I
Ливень, оглушающий ливень.
Налетели зловещие тучи и затянули месяц, звезды и бархатную черноту неба занавесями бездонной тьмы, которую разрывают лишь молнии, освещающие горы вдалеке, и в эти мгновения я вижу шею моего несущегося галопом коня, которая сверкает, как оникс, его мокрую гриву, плещущуюся на яростном ветру, как волосы Медузы Горгоны; вижу перед собой каменистую дорогу на Каркассон, заросли шиповника и кусты розмарина, источающие пряный аромат.
Розмарин вызывает воспоминания, у шиповника есть шипы, камни тверды и грубы.
Как и ливень. При свете молнии его струи кажутся длинными, острыми, кристаллическими – не просто ливень, а град сосулек, град мелких, светящихся ледяных стрел. Они колют и обжигают, но я не обращаю внимания на физическую боль; меня переполняет жалость к моему жеребцу. Он совершенно измучен, задыхается от долгого энергичного бега; устал настолько, что, когда я наконец осаживаю его, он поворачивает голову и пытается меня укусить.
Когда же он нехотя замедляет шаг, расставляя в стороны длинные, изящные ноги, я кладу ладонь ему на холку и чувствую, как напряжены его мышцы.
Как и все животные, он очень тонко все чувствует, мой конь, хотя и не обладает внутренним зрением. Он не может ясно видеть тех, кто преследует нас, но умеет чувствовать зло, гнездящееся в чьем-либо сердце. Он дрожит, но совсем не от осеннего холода, и вопросительно выкатывает на меня огромные черные полные ужаса глаза.
Мы так долго бежали от наших врагов; почему же теперь остановились и ждем их?

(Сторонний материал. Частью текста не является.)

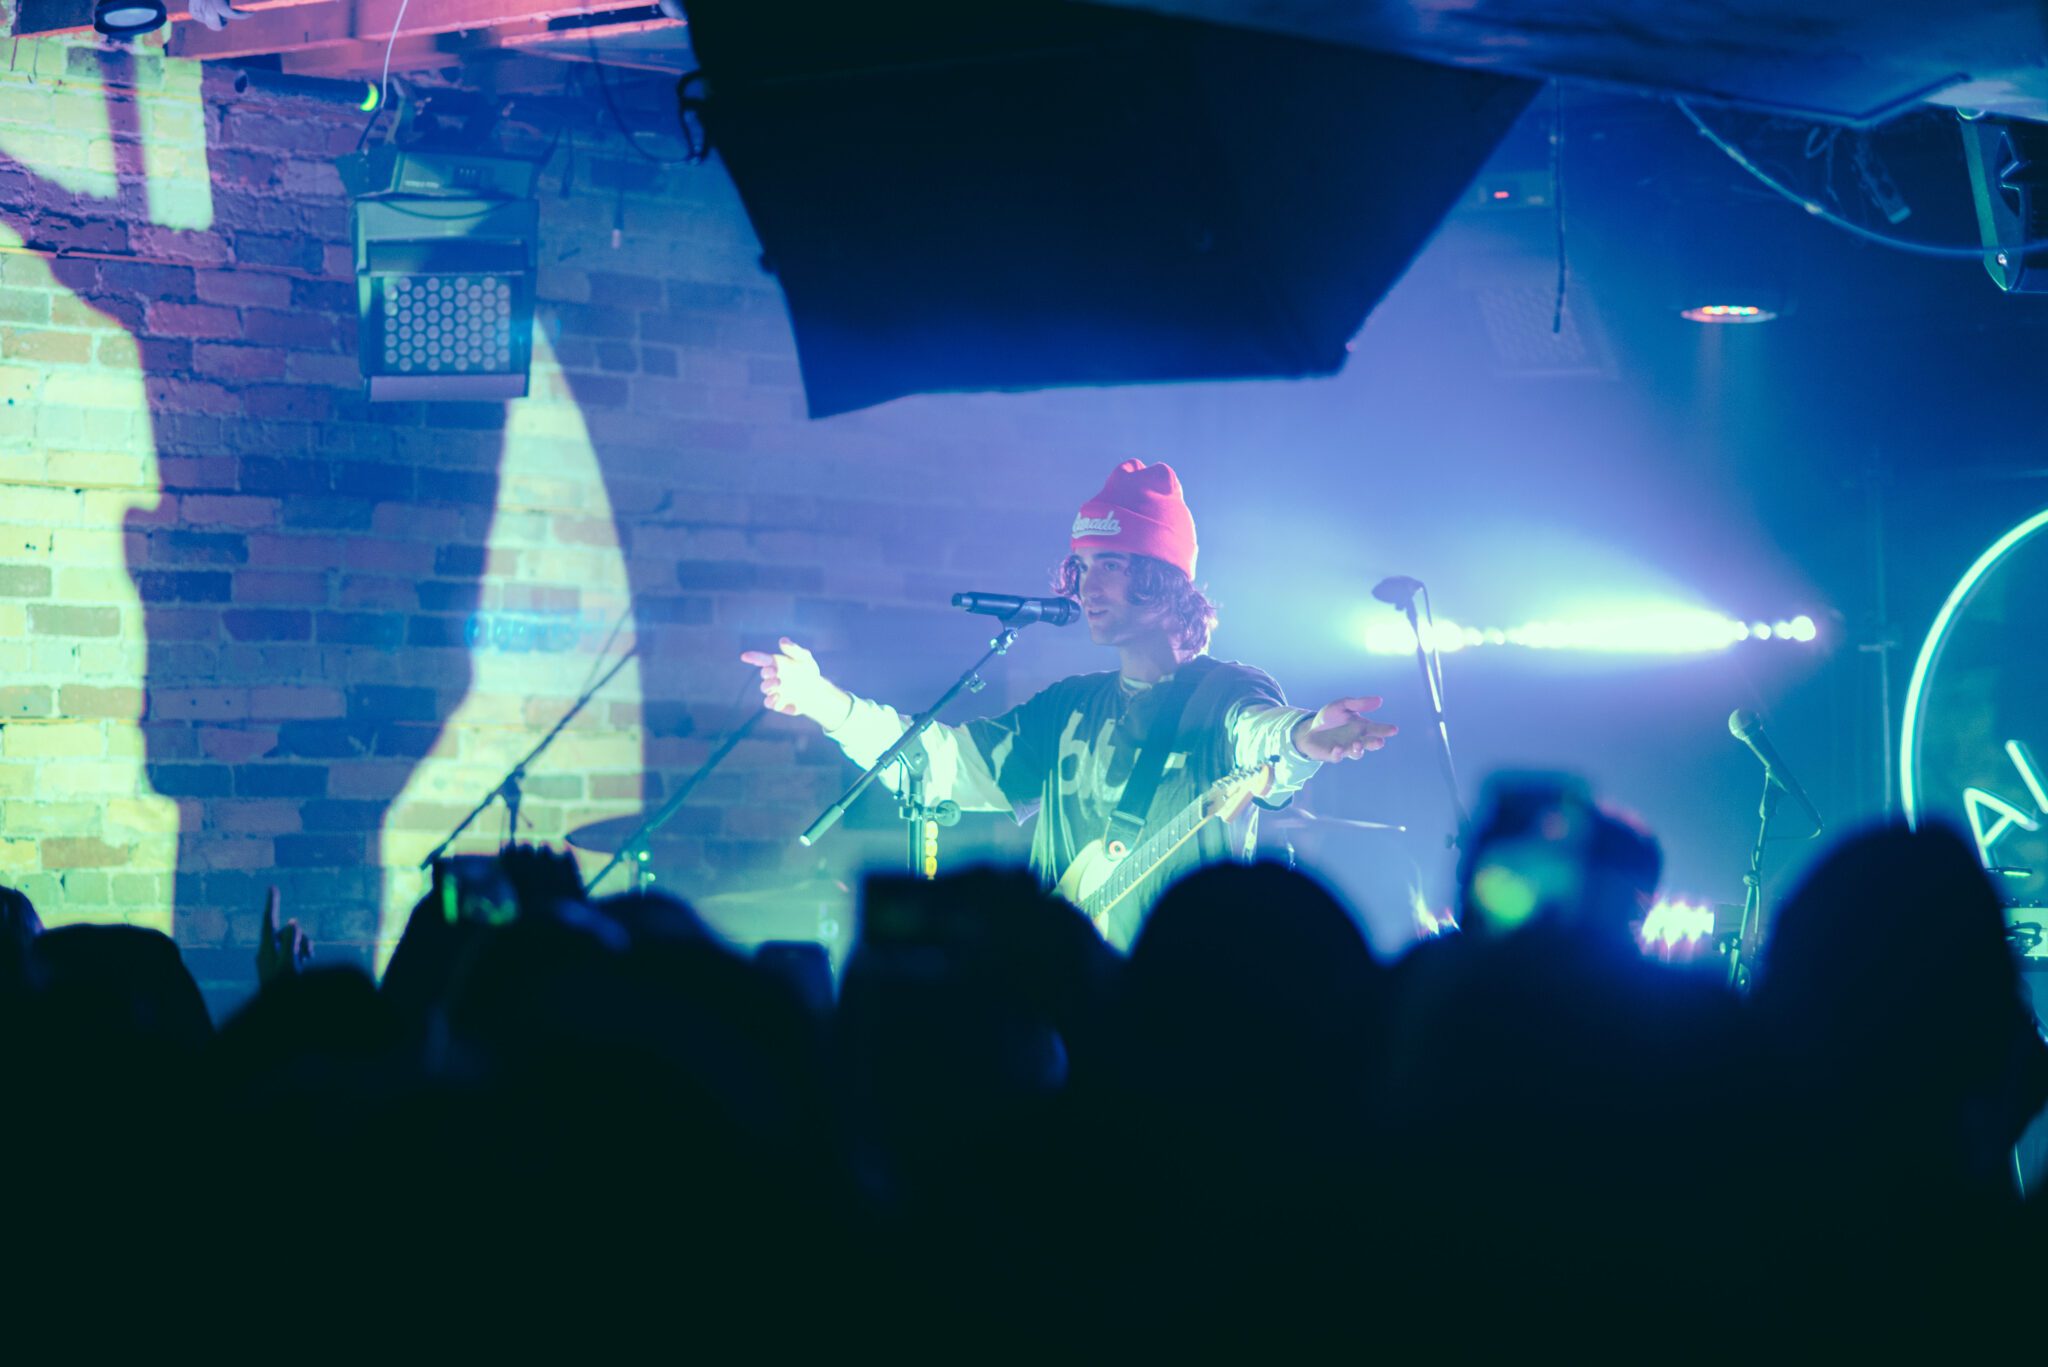 Alexander 23 performing at Velvet Underground in Toronto

– Они не обидят тебя, – ласково говорю я ему и, услышав в ответ жалобное, обиженное ржание, поглаживаю его по шее. Шкура у него холодная, мокрая от дождя и пота, но от скрытых под ней мускулов исходит тепло. – Ты хороший конь. Они отведут тебя туда, где тепло и сухо, они тебя покормят. Они будут ухаживать за тобой.

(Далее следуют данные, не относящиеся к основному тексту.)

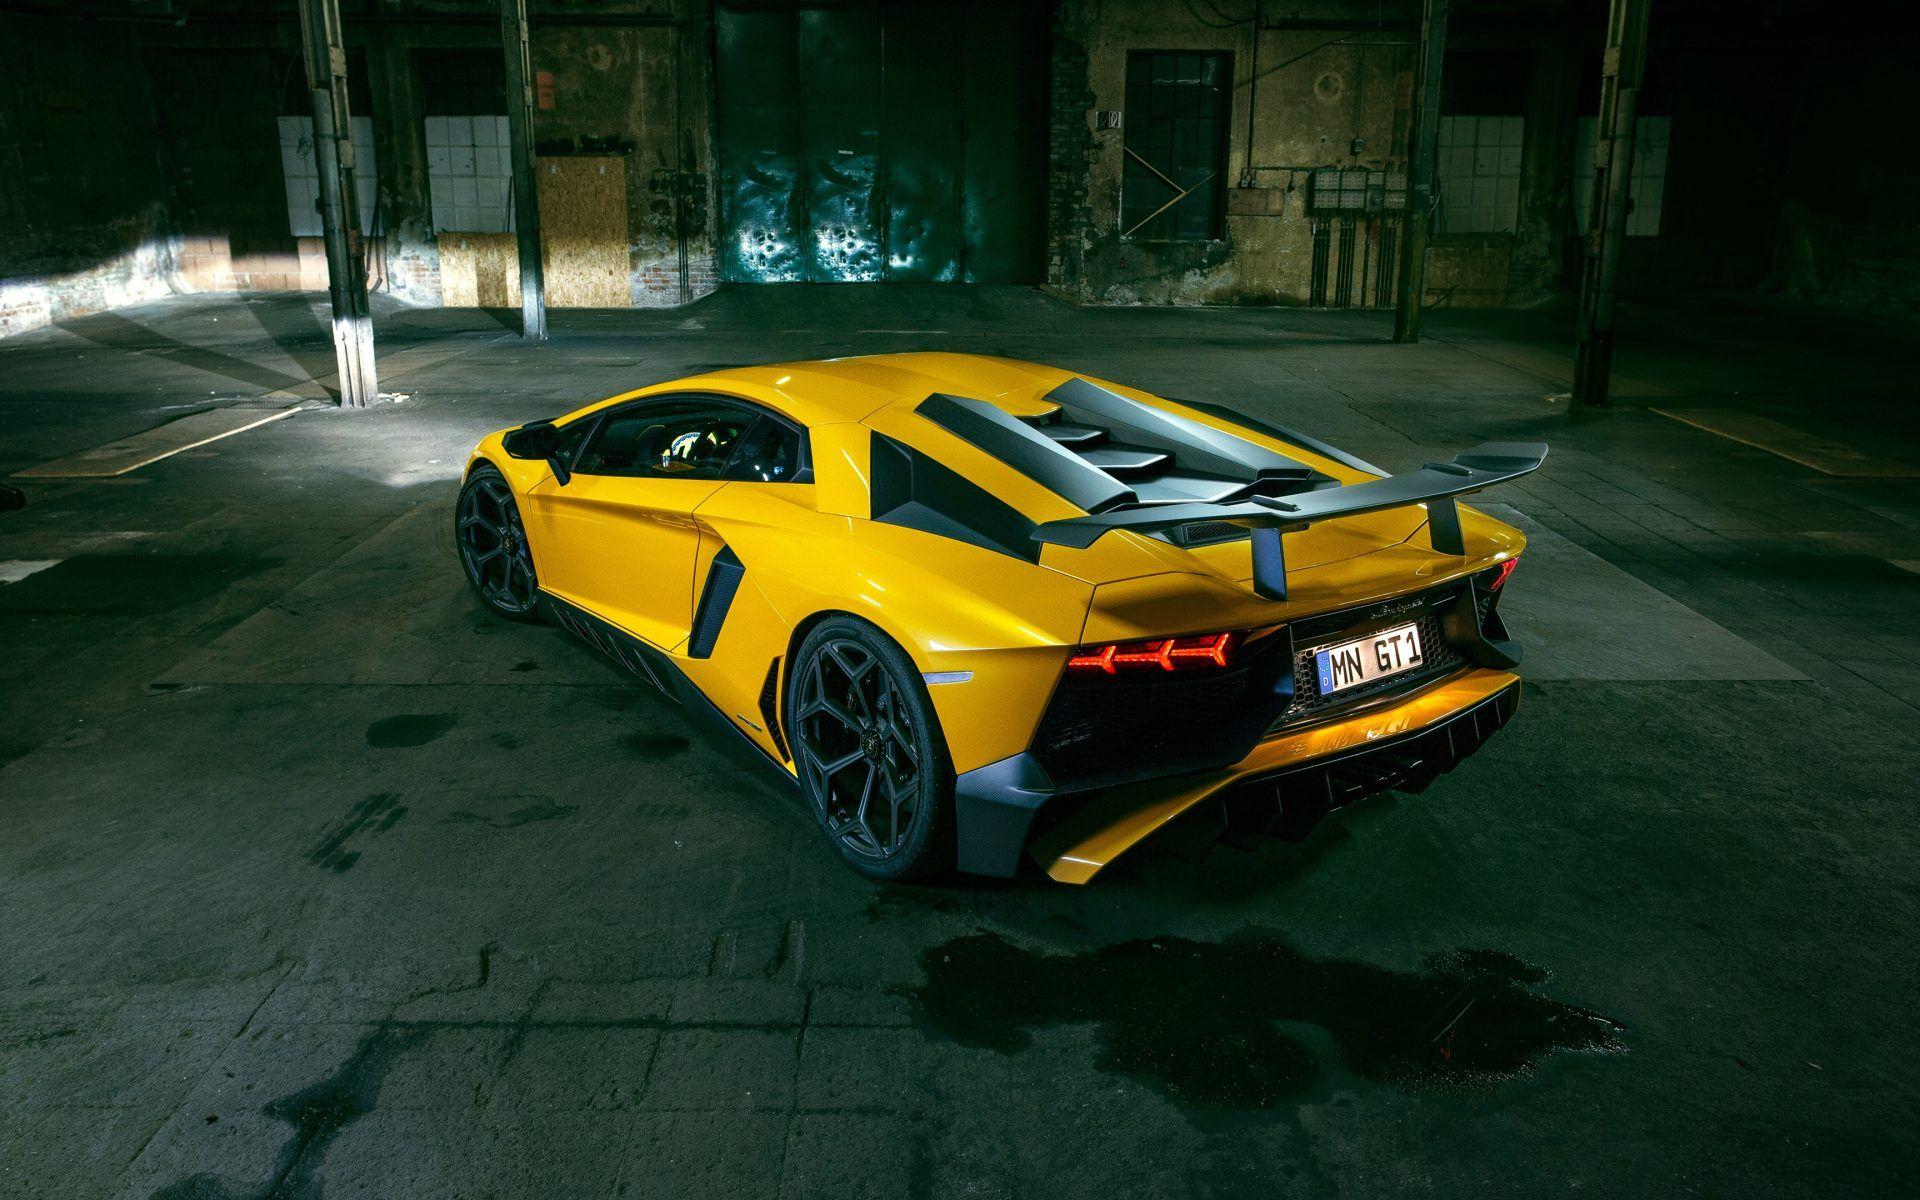 Lamborghini Aventador LP 750 4 SV Yellow Supercar Back View 4k HD

Если бы то же самое ожидало и меня!
Мне хочется плакать так же сильно и горько, как плачет этот дождь, сильно-сильно. Конь чувствует это и, встревожившись, ускоряет шаг. Я беру себя в руки и снова глажу его по шее. Мои преследователи сказали бы, что я заколдовала бедное животное, но я-то знаю, что всего лишь открыла свое сердце другому созданию, без всяких слов поделившись с ним своим спокойствием – тем спокойствием, которое надо искать глубоко в себе. Животных обмануть нельзя.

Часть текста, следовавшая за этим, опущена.